======== Raw data ========
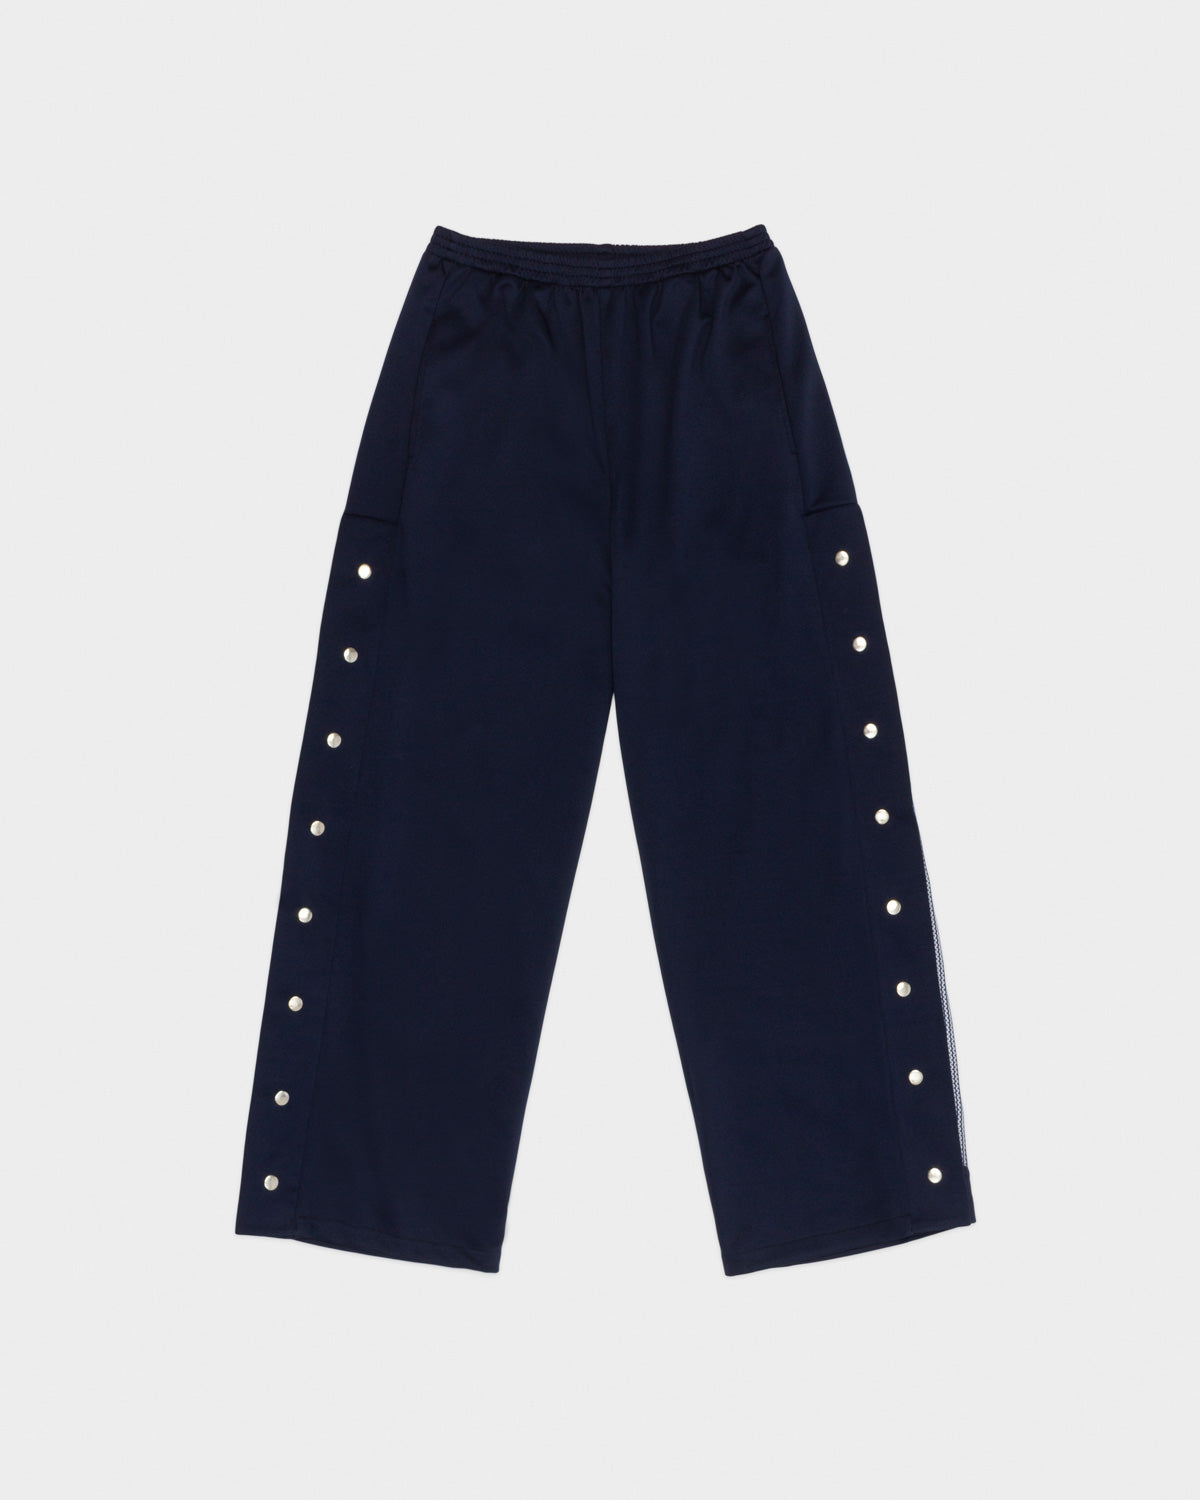 Navy Gym Pants
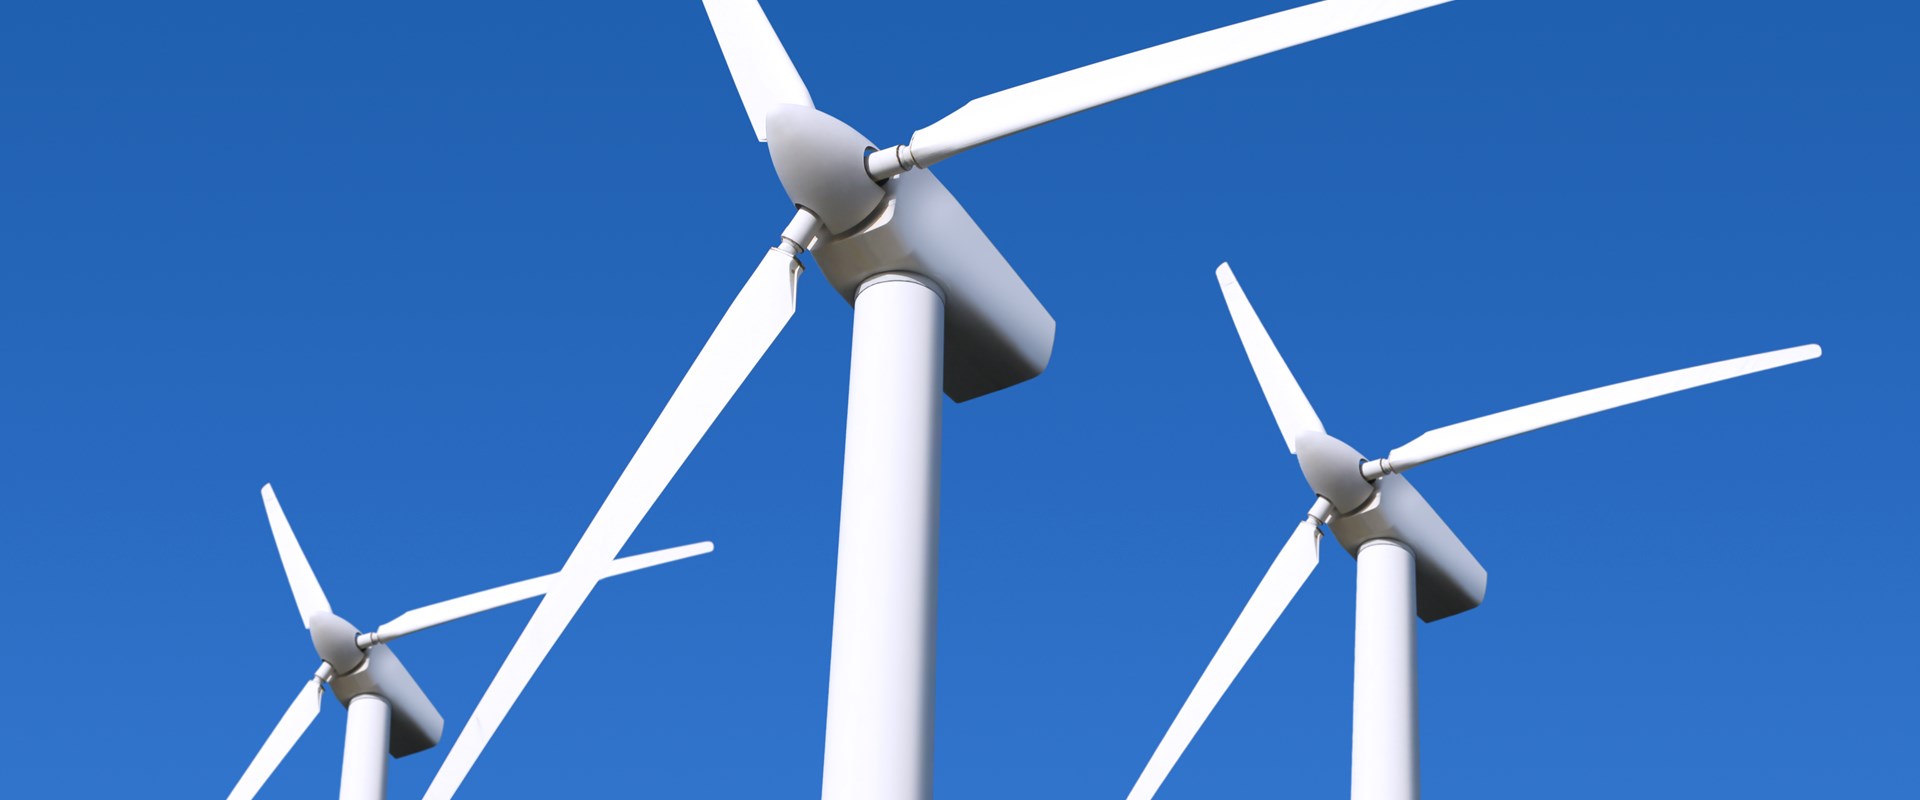 Wind farm turbines in blue sky background
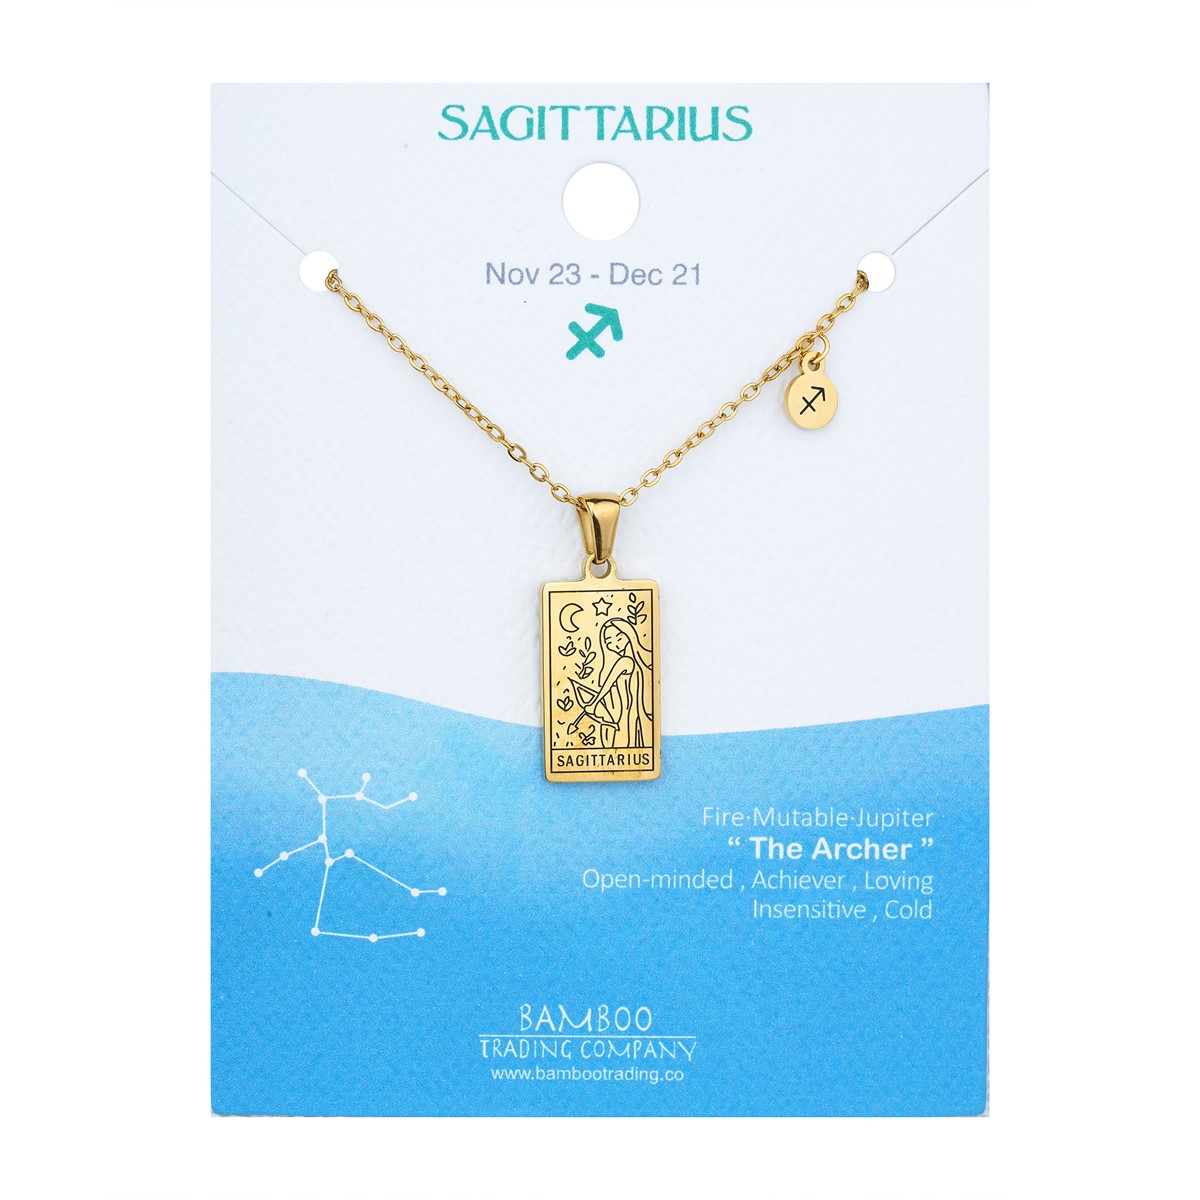 Bamboo Gold Necklace Company Trading Sagittarius Zodiac |
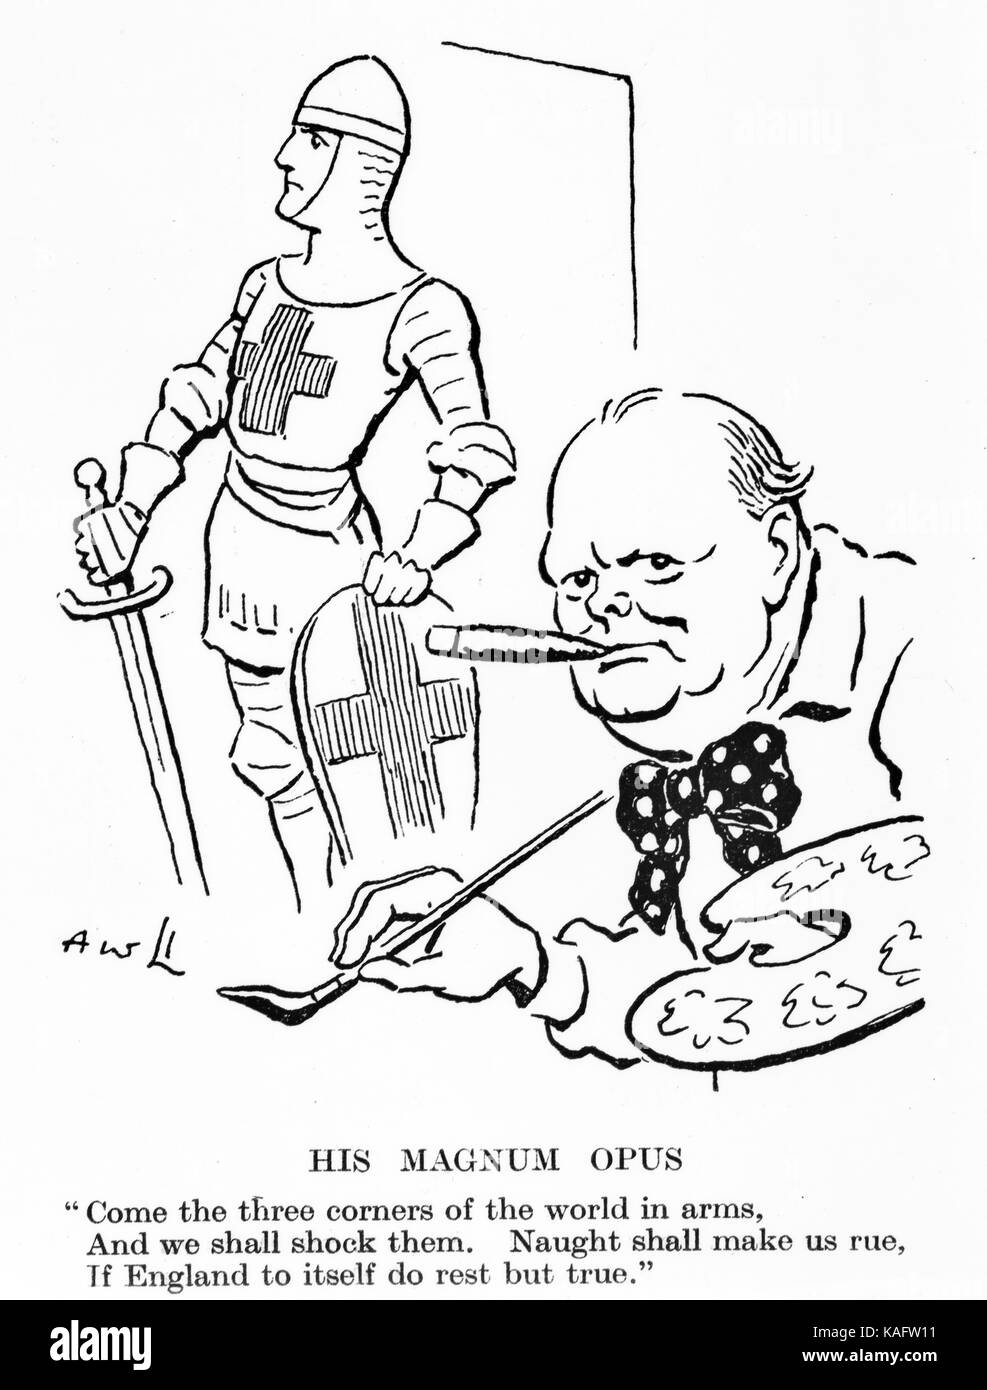 Churchill Cartoon Stockfoto
========
| Prompt |
Exact copies of the lines from the one containing "Bamboo Gold Necklace" through the final line of the data are required; pictures are to be omitted.

| Result of the task |
 Bamboo Gold Necklace Company Trading Sagittarius Zodiac |
 Churchill Cartoon Stockfoto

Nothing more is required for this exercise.